164: 2025-04-16 10:16:48 ERROR: Backup of VM 164 failed - VM 164 qmp command 'backup' failed - backup connect failed: command error: while locking last snapshot during backup 'BackupInfo { backup_dir: BackupDir { store: "PBS1", ns: BackupNamespace { inner: [], len: 0 }, dir: BackupDir { group: BackupGroup { ty: Vm, id: "164" }, time: 1744780440 }, backup_time_string: "2025-04-16T05:14:00Z" }, files: ["index.json.blob", "drive-virtio0.img.fidx", "client.log.blob", "drive-virtio1.img.fidx", "drive-virtio2.img.fidx", "drive-efidisk0.img.fidx", "qemu-server.conf.blob"], protected: false }'
 
Right so you suspect the sync jobs. i have seen 2 updates on the PVE for backup this morning, but these havent cahnged anything. please update once there is more progress.

tahkn you
 
Yeah I only send the patch today, will probably take a little bit for this to get pushed out. You could space the push sync jobs more if that is an option for you.
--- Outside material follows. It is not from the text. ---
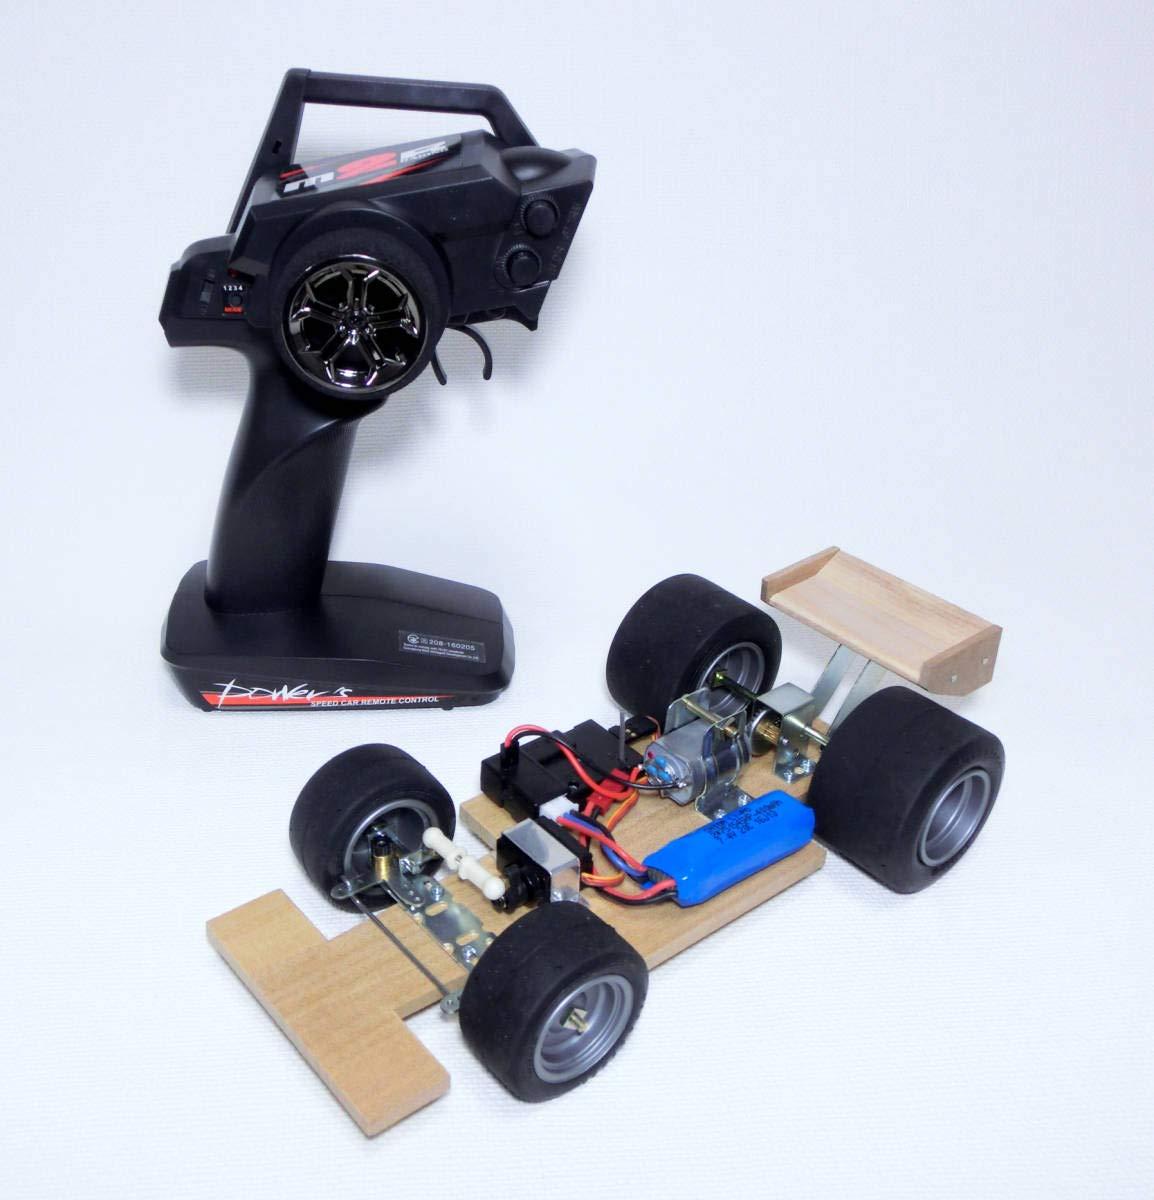 タミヤ 楽しい工作 NO.35 F-1工作基本セット 改造ラジコン バッテリー+充電器付 フルセット B07ST7XKLG

The problem here is that push sync jobs shouldn't take exclusive locks, as they only need to read the backup, not modify it. However, if there is no sync job running during the backup, this shouldn't make a difference. So if you could run the sync jobs, for example, in such a way that they only run two hours after the backups, there likely won't be an issue.
 
  • Like
Reactions: Chris
Right understood, well then i just leave it as is right now. since the mgmt of timing is one time done on PVE and for the sync on the PBS i couldnt chain them together. thank you for fast response!
 
By the way this change was pushed to pbstest as PBS 3.4.1 by now, might want to check that out and see if it fixes the problem for you.